Higher risk of breast cancer for women with slow NAT2

Feb 11, 2008 19:06 GMT  ·  By

Do you think you're sexy when smoking? Think more. I am not talking about deadly issues connected to smoking, like heart attack, stroke, chronic bronchitis, emphysema, and cancers. Smoking can really impair your sex life, cause what's attractive in being impotent, sterile, wrinkled, yellowed skinned and toothed, having a bad breath, being blind because of earlier age-related macular degeneration, coughing, having decreased taste and smell, dermatitis, and a premature baldness?

Not to mention what hurts a woman more: her breasts, the main sign of feminine beauty. Previous researches showed that smoking increases the level of breast ptosis (sagging), as it breaks down a skin protein called elastin, which gives youthful skin its elastic appearance and supports the breast.

But a new research published by the journal "Cancer Epidemiology, Biomarkers and Prevention" comes with an even more alarming perspective: in women with a specific gene makeup, smoking can cause breast cancer.

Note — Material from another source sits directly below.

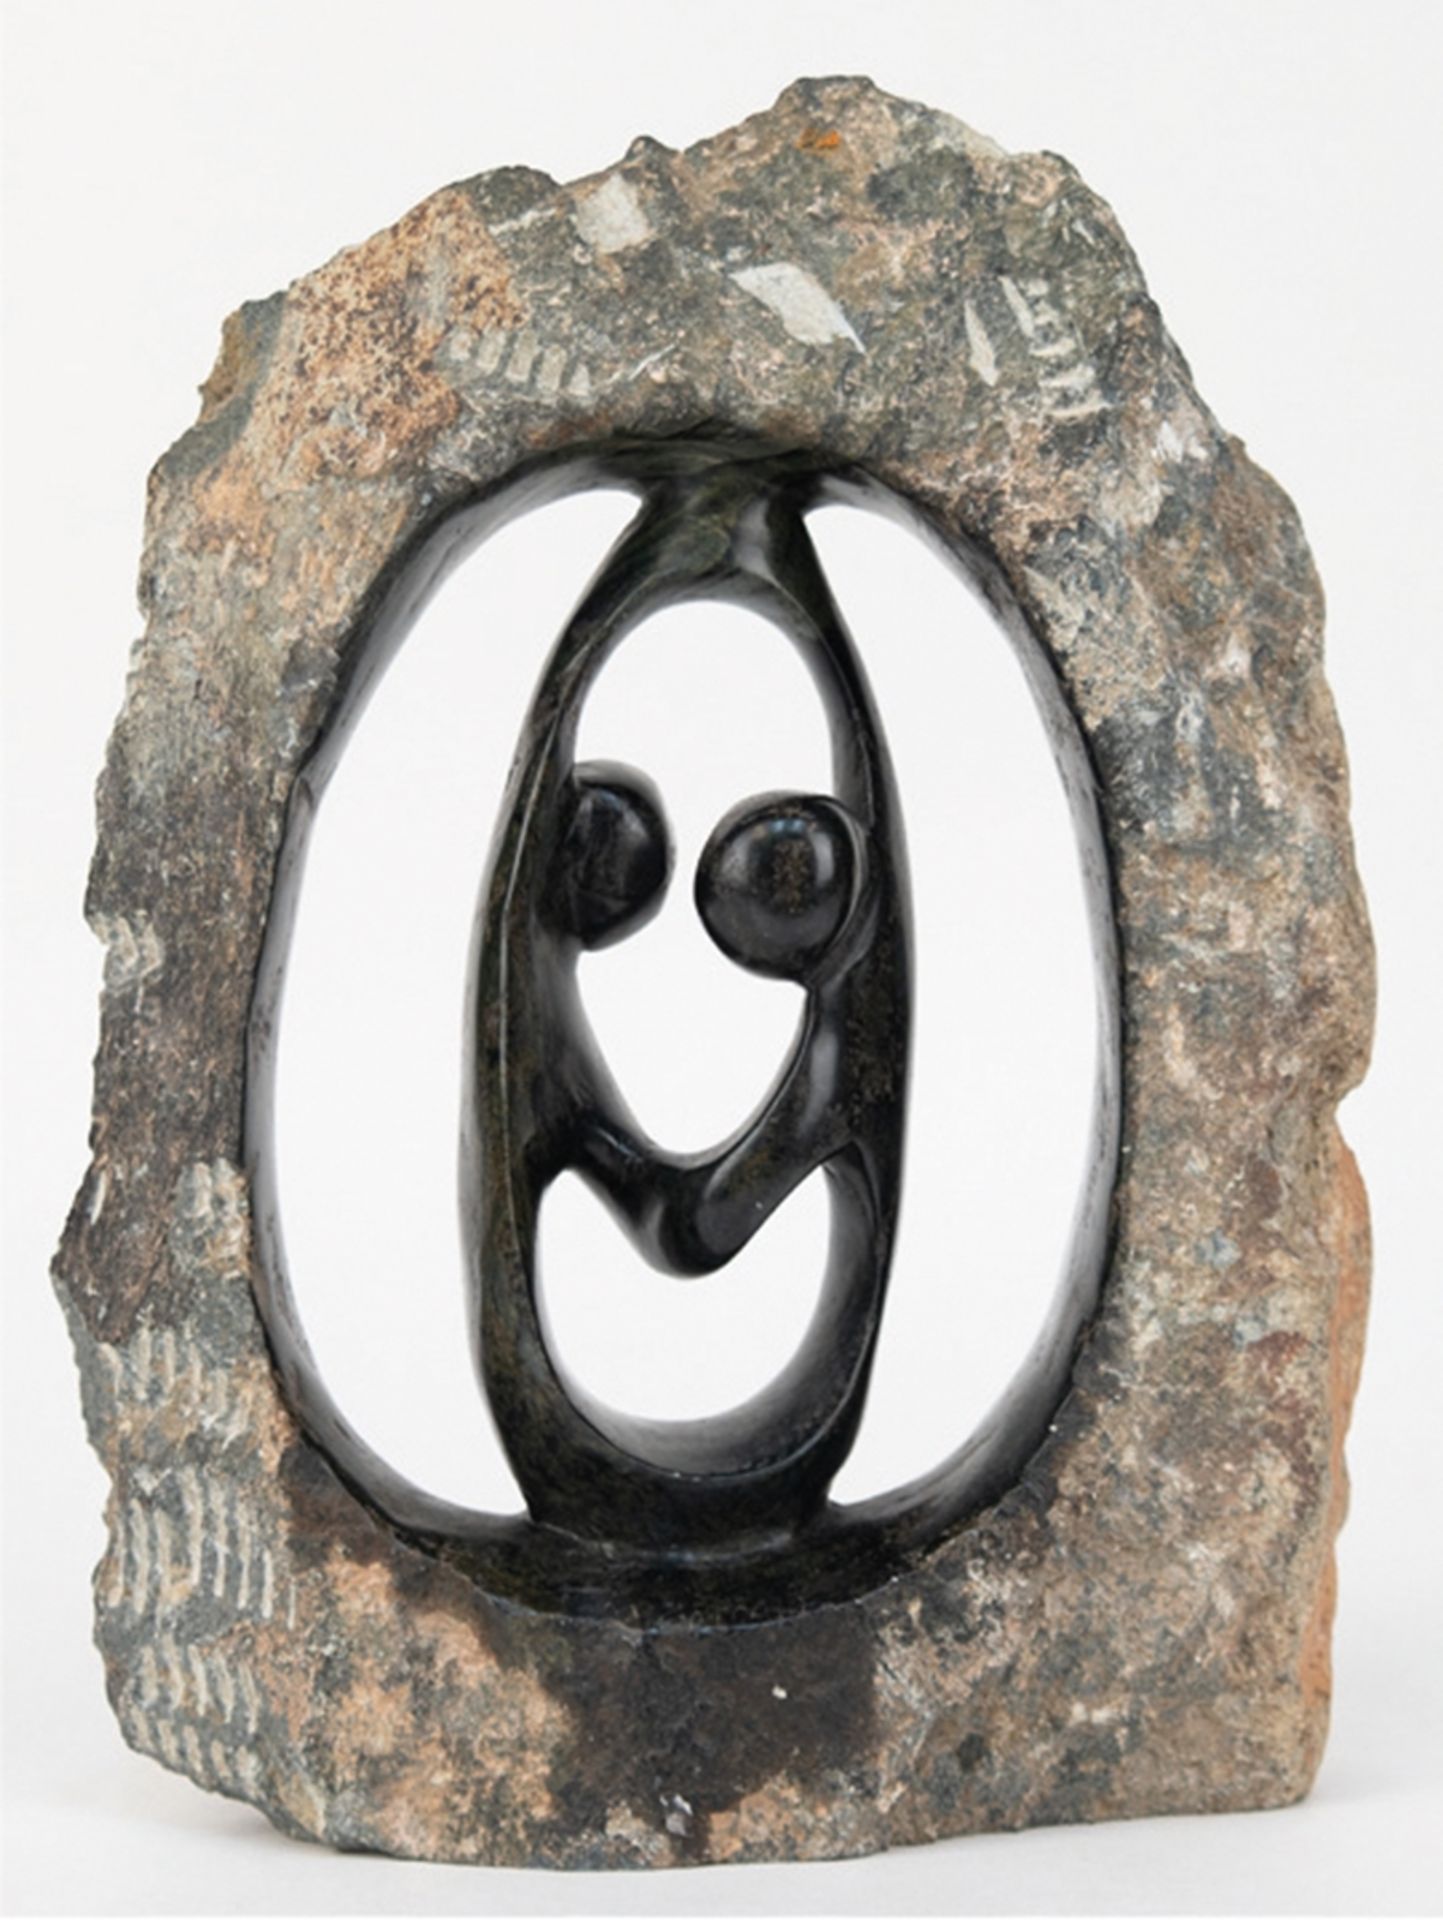 Steinskulptur "Tanzendes Paar im Rahmen", Naturstein mit schwarzem Einschluß,  durchbrochen gearbei

The team led by Christine Ambrosone, PhD, Cancer Prevention and Population Sciences Program, Roswell Park Cancer Institute (RPCI) and Jenny Chang-Claude, PhD, Professor in Epidemiology at University of Heidelberg, made a meta-analysis of 10 of the 13 researches published in the last 10 years connecting genetics, smoking and the level of breast cancer risk in 4,889 premenopausal and 7,033 postmenopausal women.

There was a strong connection between breast cancer risk, smoking, and the gene NAT2 encoding the enzyme N-acetyltransferase 2 (NAT2). This enzyme degrades aromatic amines, main cancer tobacco chemicals, and the resulting products are easily eliminated from the body. The variations in this gene result in a more rapid or slower eliminations of the carcinogen chemicals; people with slower enzyme are more exposed to subsequent development of breast cancer.

The research connected the number of years of smoking, the number of daily smoked cigarettes and the possession of a slow NAT2 to a boosted risk of breast cancer.

"These results, analyzing all studies to date, indicate that subgroups of women defined by genetic predisposition are at higher risk of breast cancer if they are exposed to tobacco smoke. In fact, smoking is likely to play an important role in the development of breast cancer for about 50-60% of the populations from European descent who have a form of the NAT2 gene that gets rid of aromatic amines more slowly than the rest of the population," said Ambrosene.